Ottawa's two biggest school boards say they will go ahead with virtual graduation ceremonies, just days after Premier Doug Ford expressed his desire that students of all ages attend in-person, outdoor events to celebrate the end of the school year.
Ford announced Wednesday that schools in the province would remain closed until September, but also promised his government was working with school boards to safely hold outdoor end-of-year ceremonies.
The Ottawa-Carleton District School Board (OCDSB) and the Ottawa Catholic School Board (OCSB), however, both say that won't be happening.
"At this point, we do not see it as feasible to have 200-300 students outdoors for a graduation ceremony," the OCSB said in a statement.
"Even during non-pandemic years, we don't go with that option due to the logistics involved with chairs, stages, AV equipment, etc. and the fact that in a school year, we don't have the luxury of alternative rain dates."
The Catholic board said it plans to hold a virtual ceremony, and then allow students to come to school to take photos and get their diploma while wearing their cap and gown.
In a letter Friday to parents, the OCDSB said it would proceed with virtual commencement ceremonies as planned.
"The OCDSB will also be examining opportunities for a safe in-person element," the public board wrote.
Students devastated, Ford disappointed
The school boards' decisions left Ottawa students like Adna Osman feeling let down.
"This year we didn't really have anything. We didn't have any of the stuff that we thought we would be having," said Osman, a Grade 12 student graduating from Earl of March Secondary School in Kanata. "So it did feel like, OK, this is the light at the end of the tunnel, to be able to have our graduation."

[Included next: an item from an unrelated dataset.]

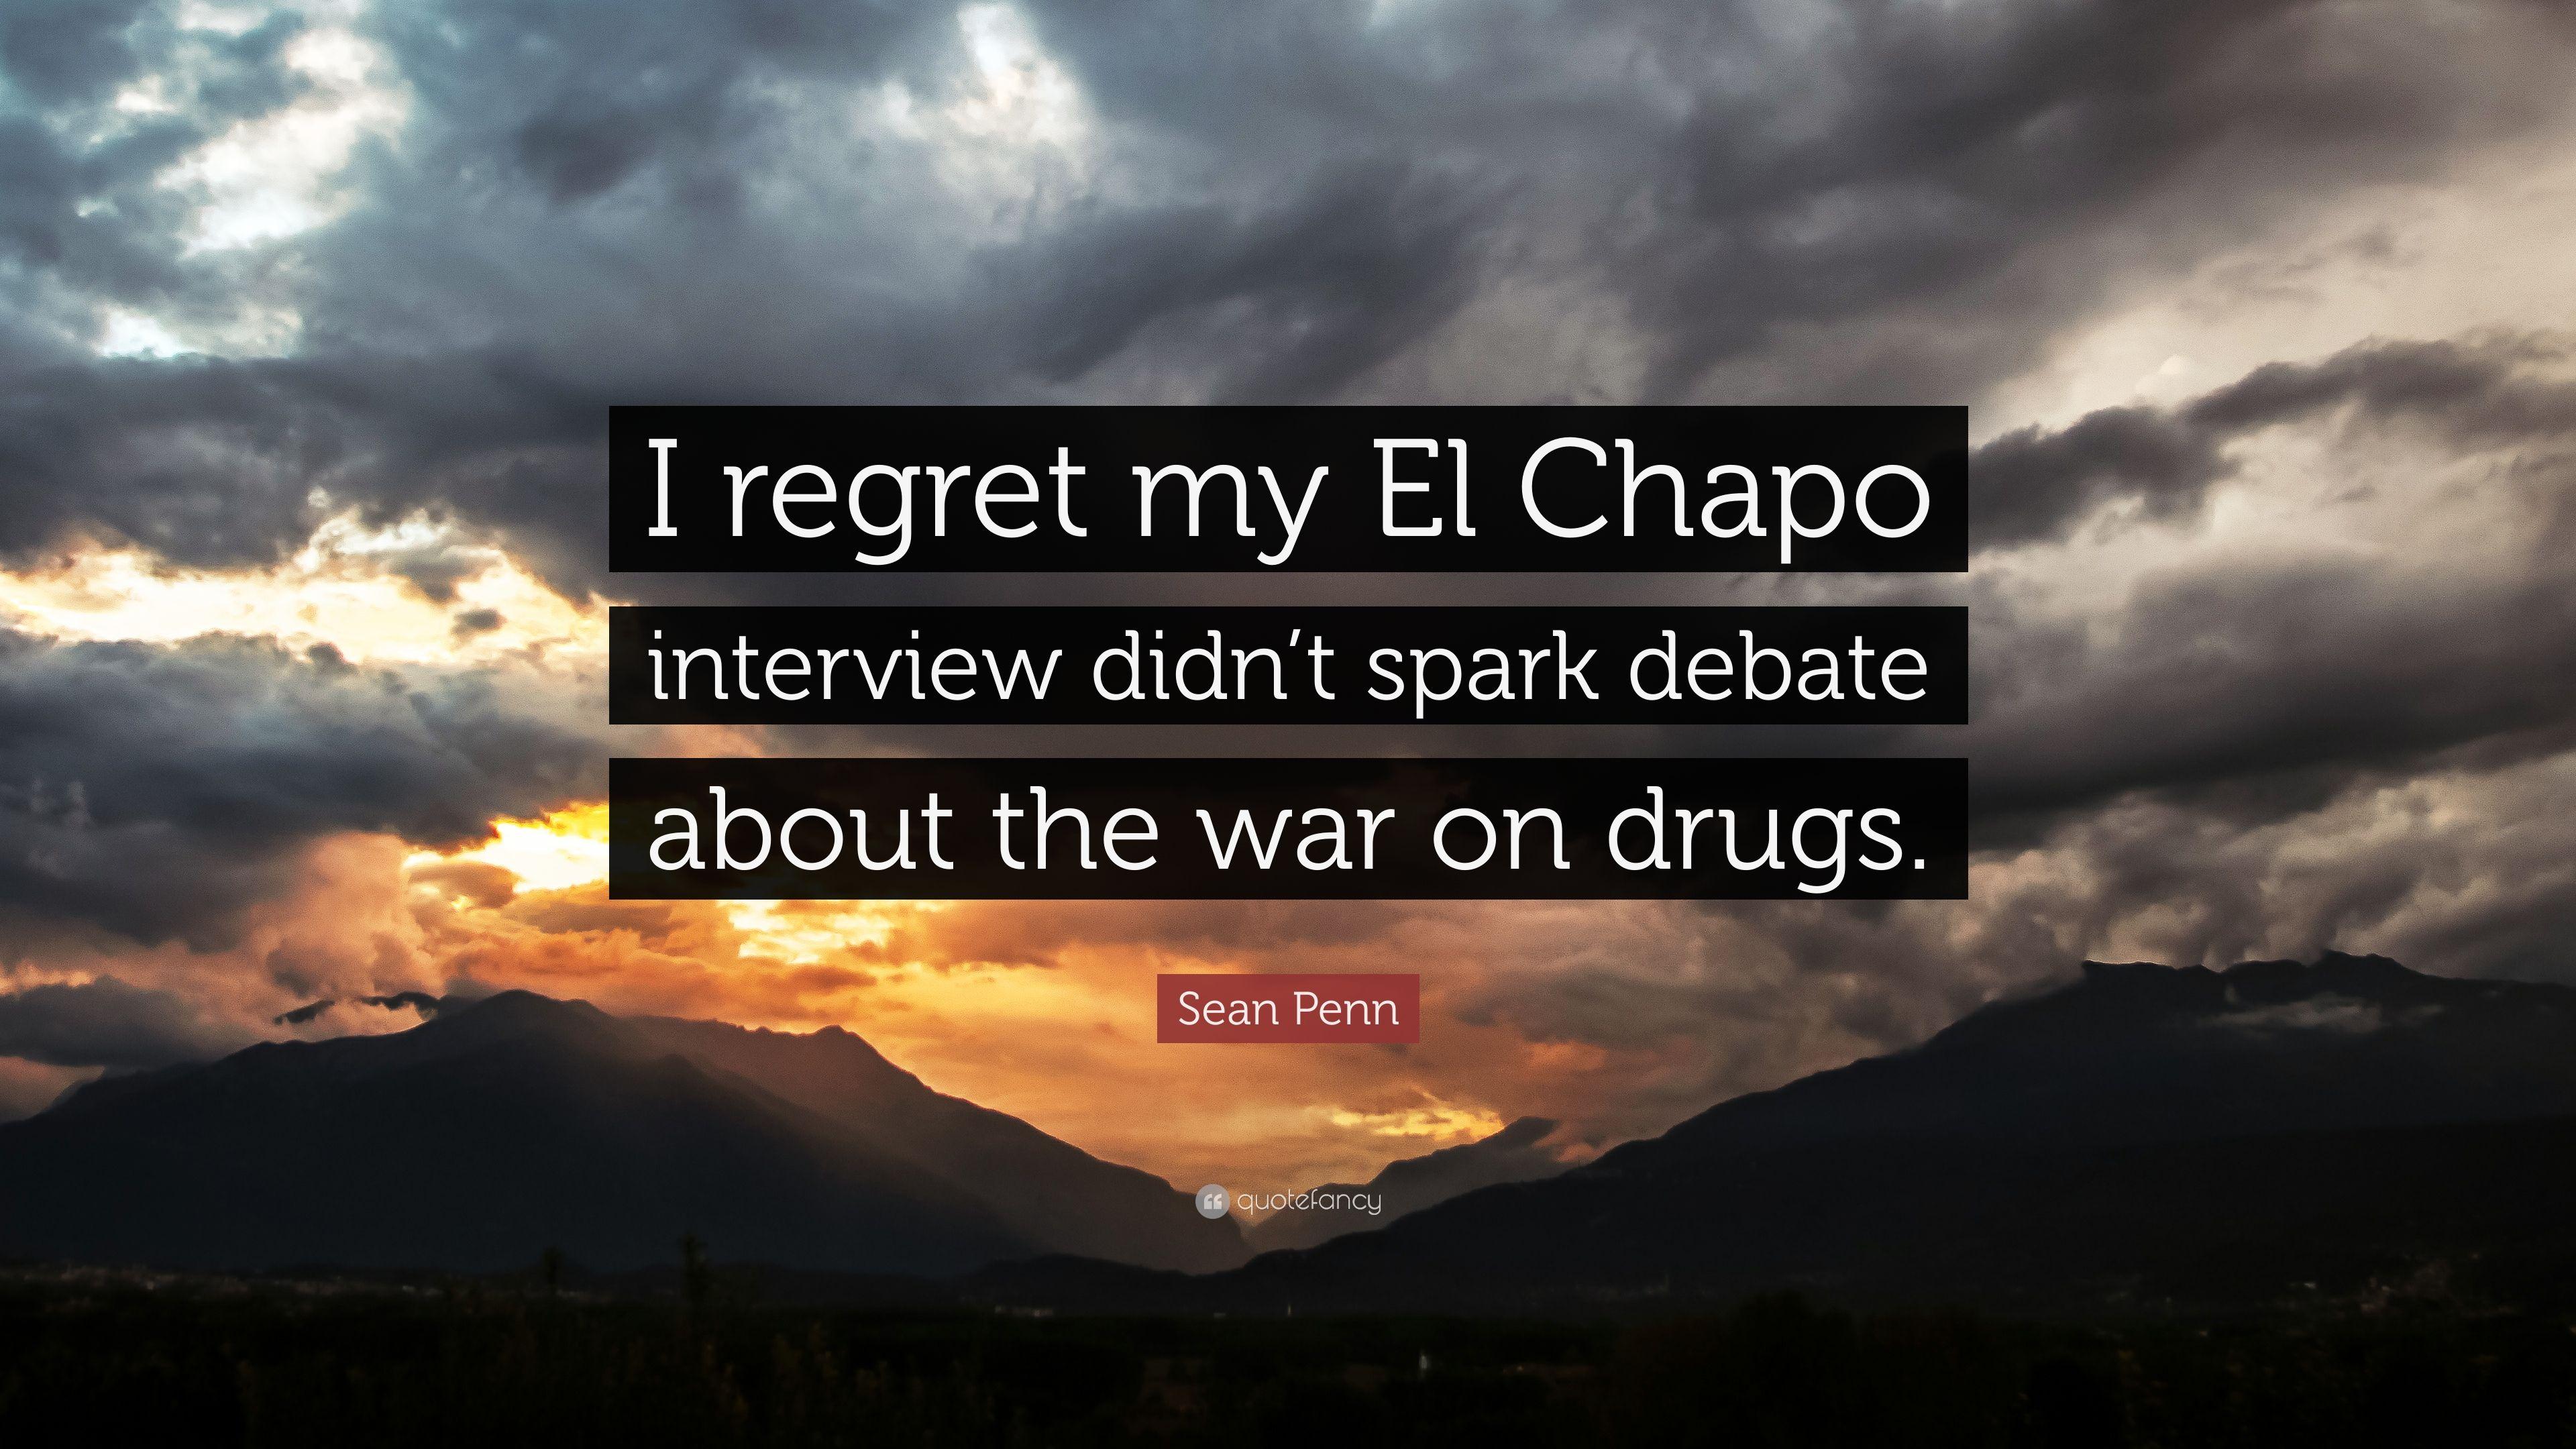 Sean Penn Quote: “I regret my El Chapo interview didn't spark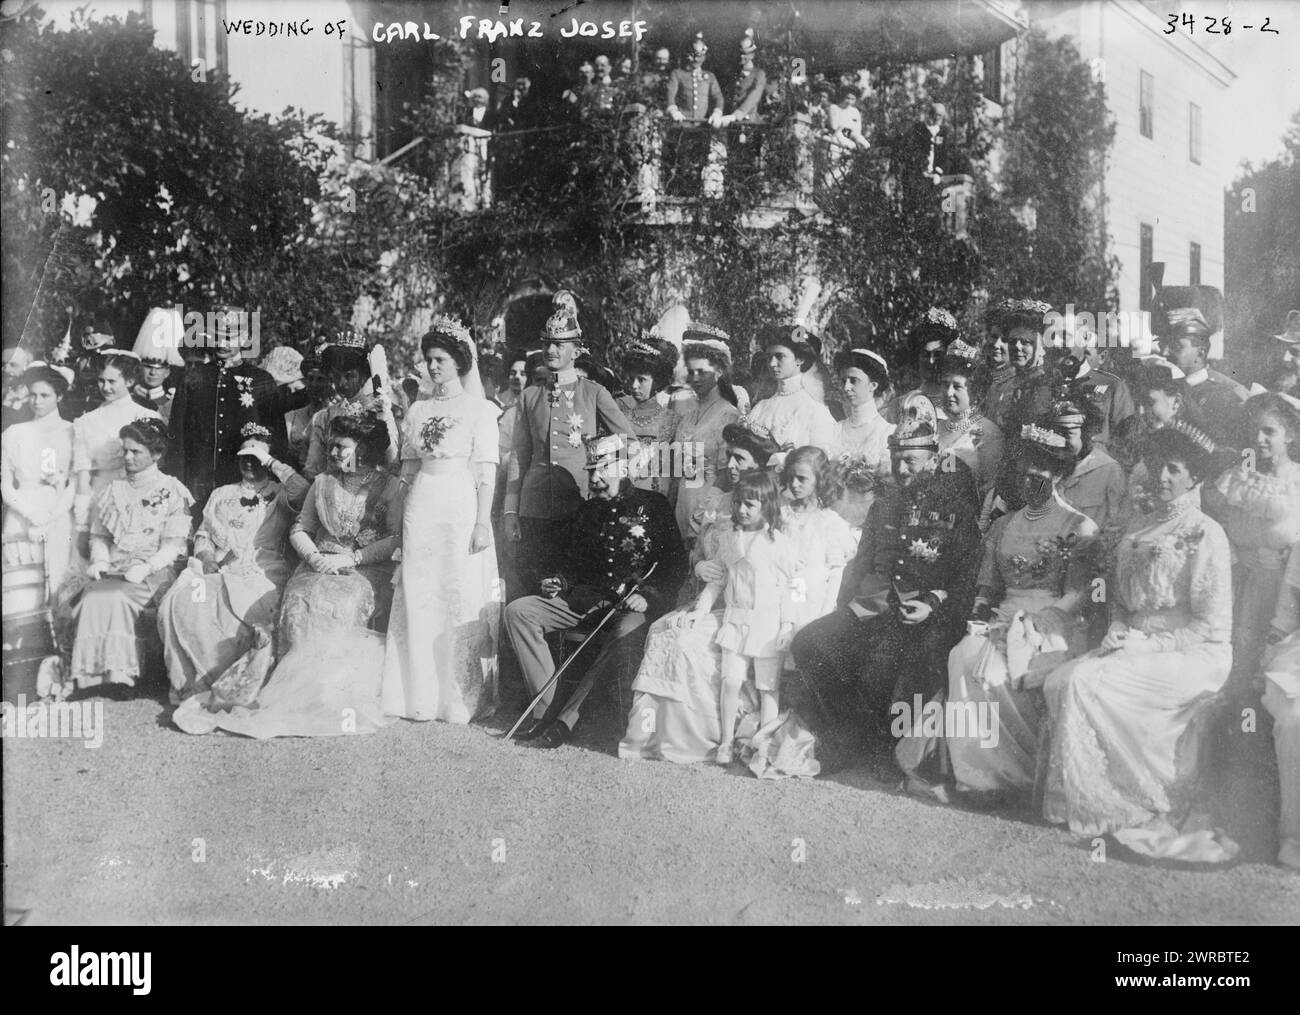 Wedding of Carl Franz Josef, between ca. 1910 and ca. 1915, Glass negatives, 1 negative: glass Stock Photo

"It's just really unfortunate."
Christopher Watchcorn, a parent with two children graduating this year, said his 12-year-old daughter — who's graduating from Grade 6 at Elmdale Public School in Nepean — was particularly devastated by the news.
Watchcorn said she was selected as valedictorian of her class and was "[over]-the-moon excited" about the prospect of an in-person graduation event.
"Then a couple of days later, when OCDSB said they weren't able to accommodate any of these in-person ceremonies, that just became a devastating event to her," Watchcorn said.
"She had lost ... that opportunity to graduate and see her friends and get up and talk in front of her class."
Watchcorn said he is upset the premier didn't co-ordinate with the school board before announcing his desire for in-person events.
'Think outside the box'
Outdoor gatherings of people who don't live in the same household are currently limited to five in Ontario.
When the province initiates the first step of its reopening plan — expected during the week of June 14 or sooner — that will increase to 10. Weddings, funerals, religious and other ceremonies will be allowed to go ahead, but with capacity limited to permit physical distancing.
The premier's office said on Friday the government plans to make regulatory changes to allow school boards to hold large outdoor events and is "extremely disappointed" that some are passing on the option.
"With weeks left to plan, there is no reason that in a year like no other, school boards can't think outside the box and do all they can to safely give Ontario students the send-off they rightfully deserve," Ford's office said in a statement.